TO DO →
Word for word, restate the lines of the listing below from the line with "Black and white" through the line with "The Swinging 60's -The Beatles", and do not include the pictures.

DATA TO PROCESS →
********************
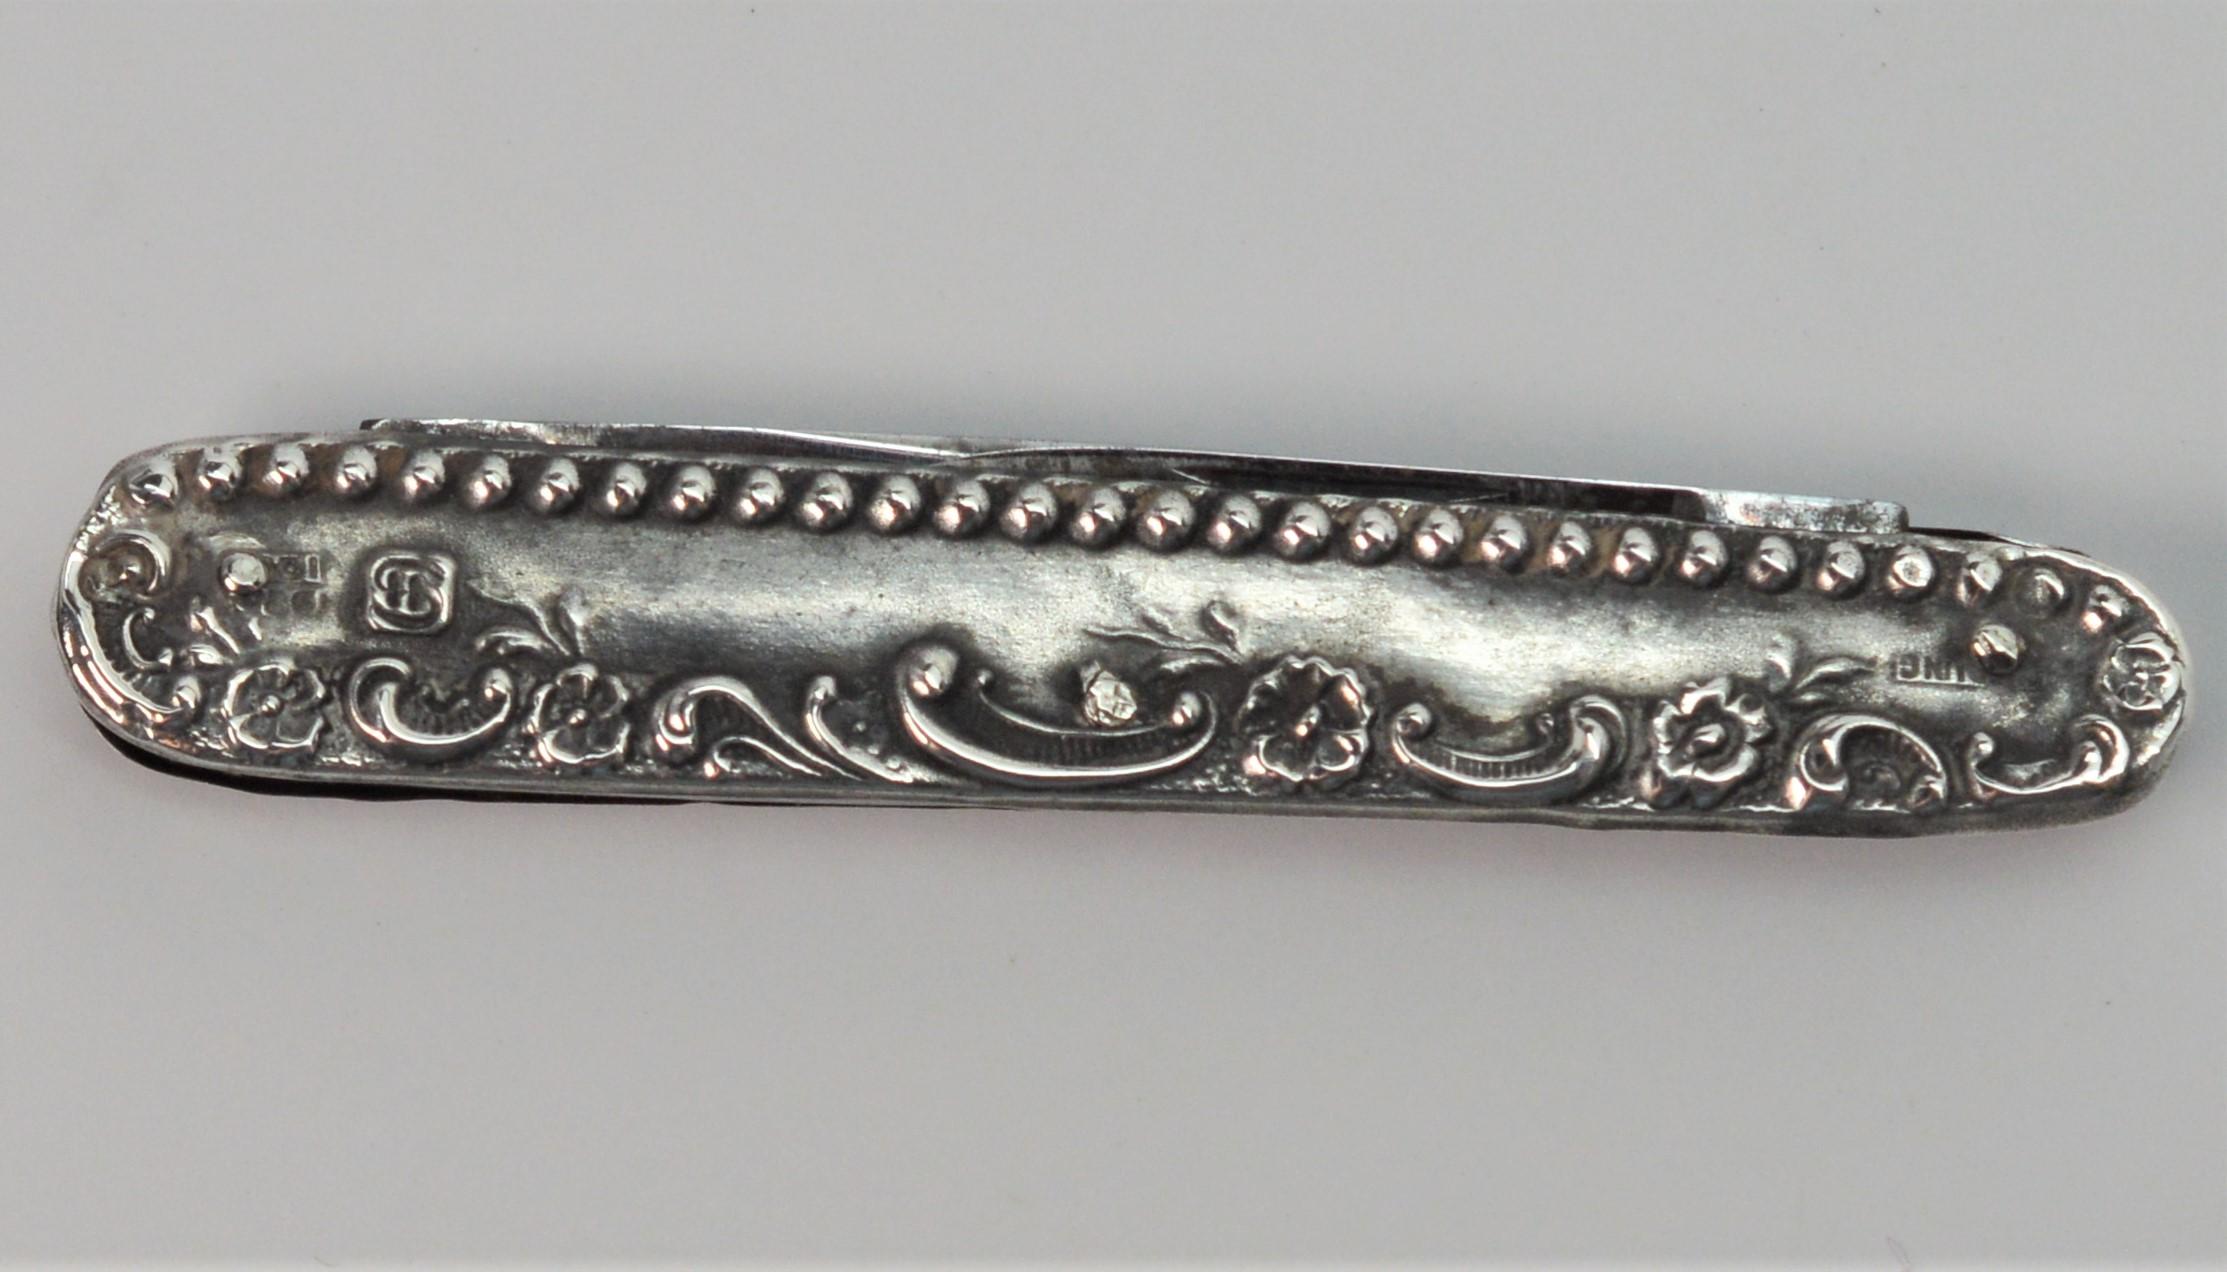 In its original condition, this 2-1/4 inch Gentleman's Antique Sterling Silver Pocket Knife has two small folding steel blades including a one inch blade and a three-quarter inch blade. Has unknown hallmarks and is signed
********************
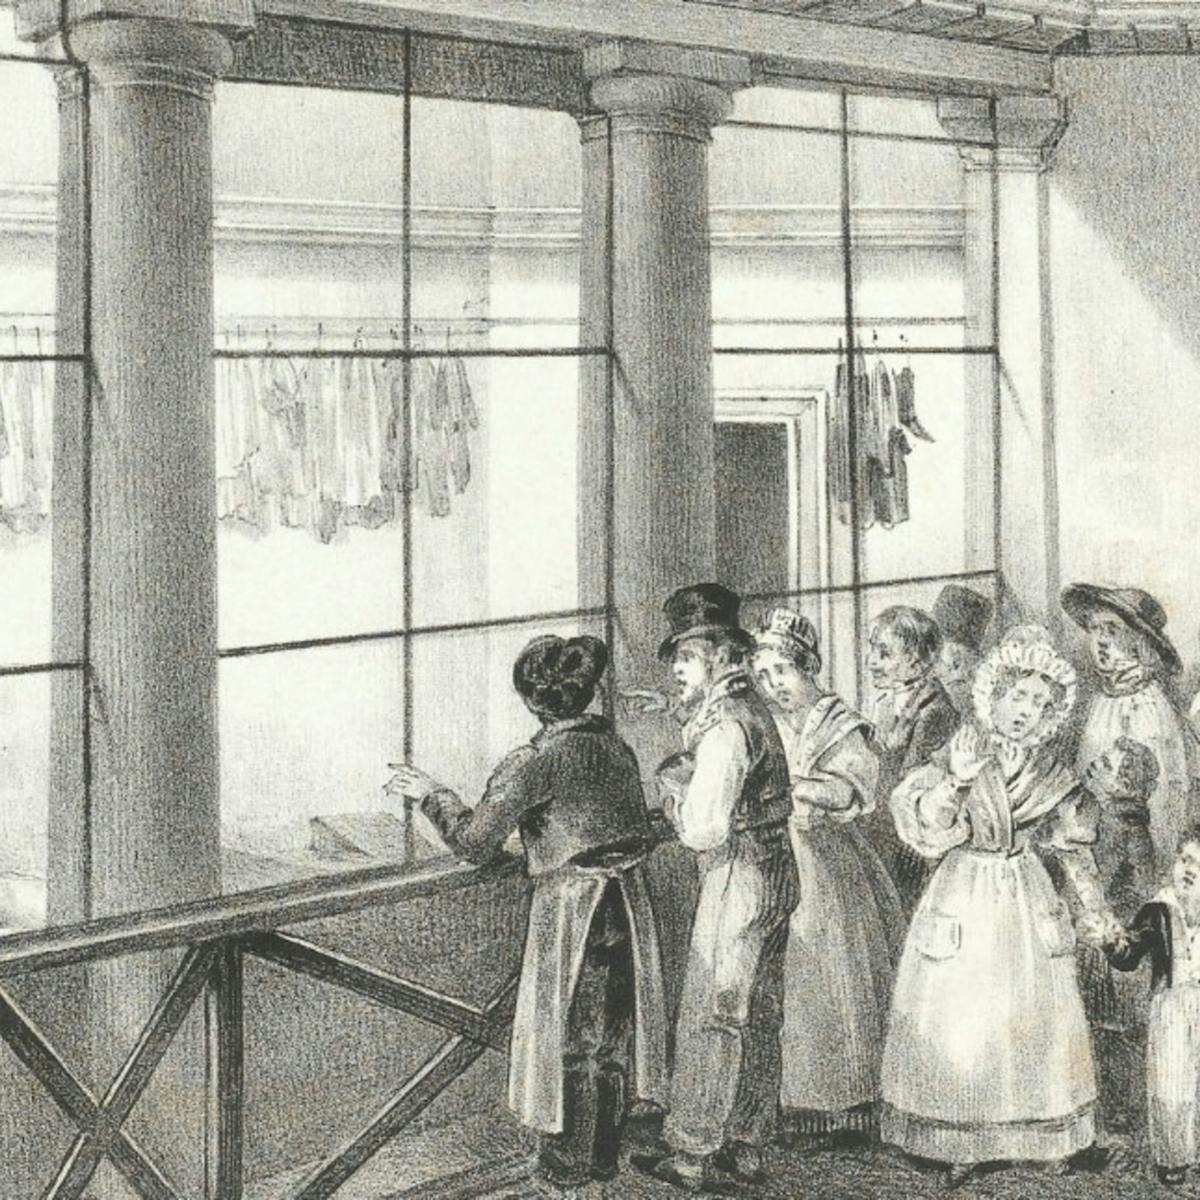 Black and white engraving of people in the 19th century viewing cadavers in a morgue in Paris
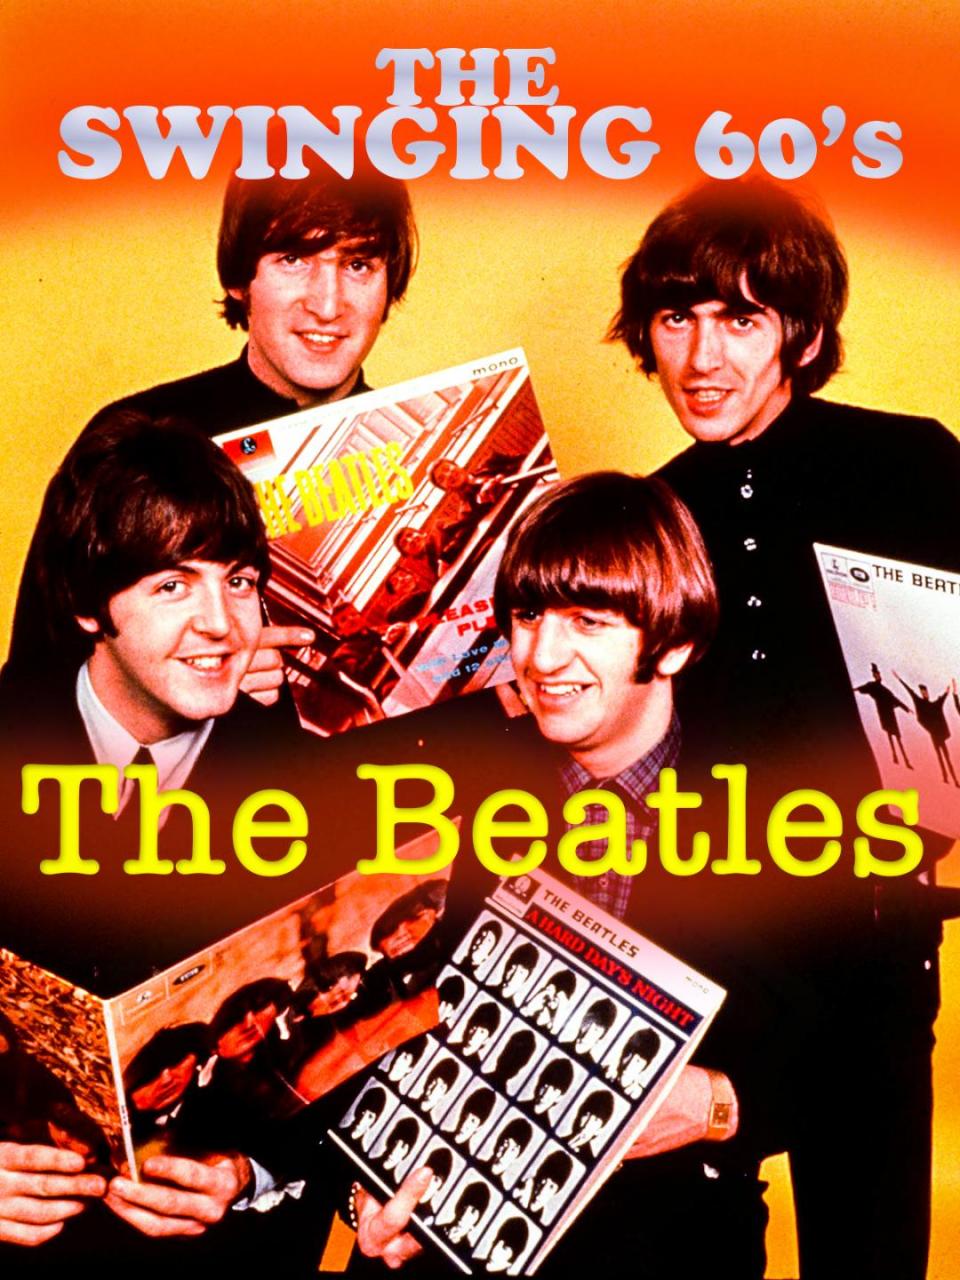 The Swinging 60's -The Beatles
********************
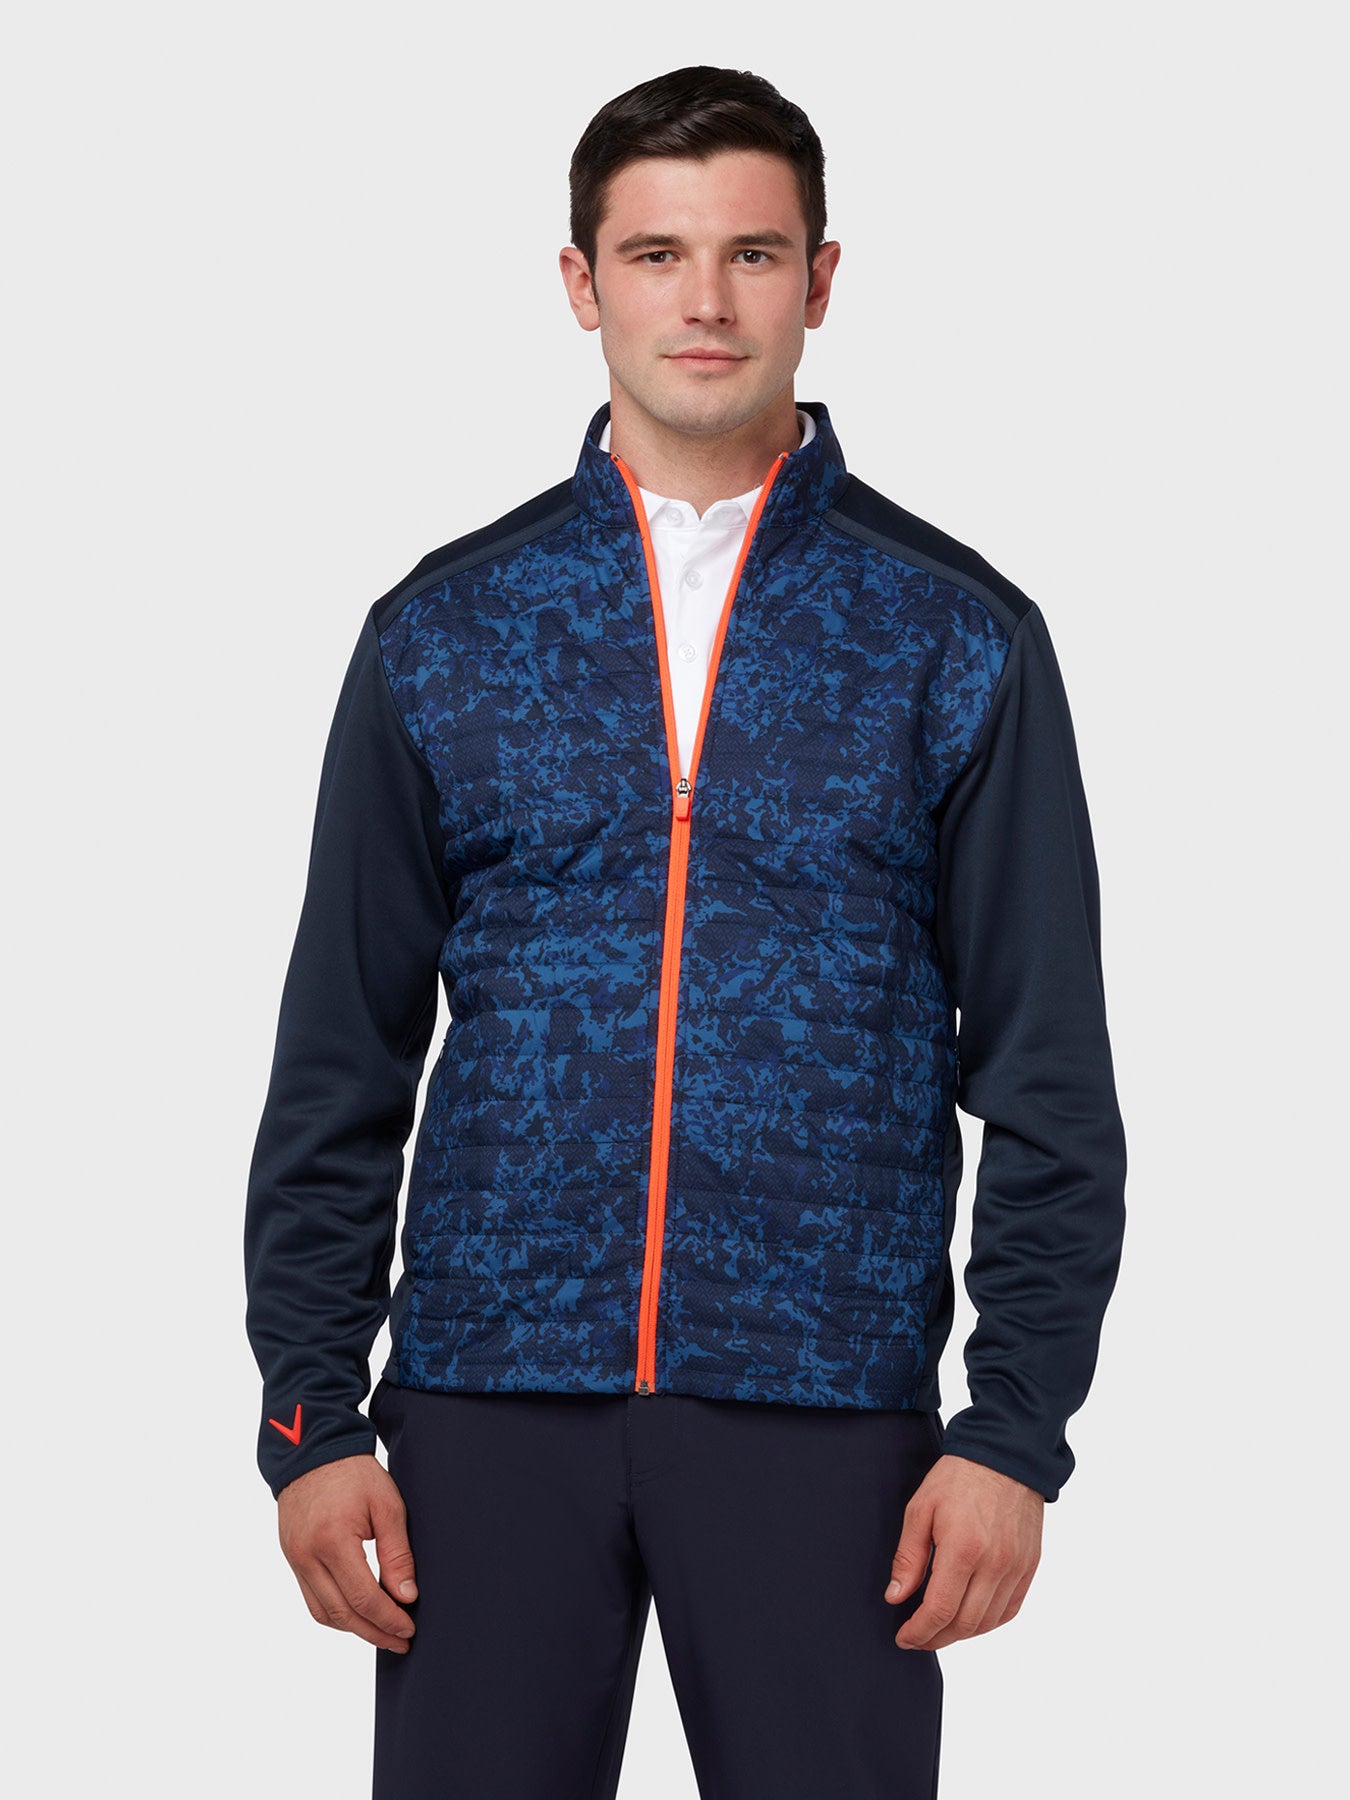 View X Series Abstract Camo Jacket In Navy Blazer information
********************
FINISHED TASK →
 Black and white engraving of people in the 19th century viewing cadavers in a morgue in Paris
 The Swinging 60's -The Beatles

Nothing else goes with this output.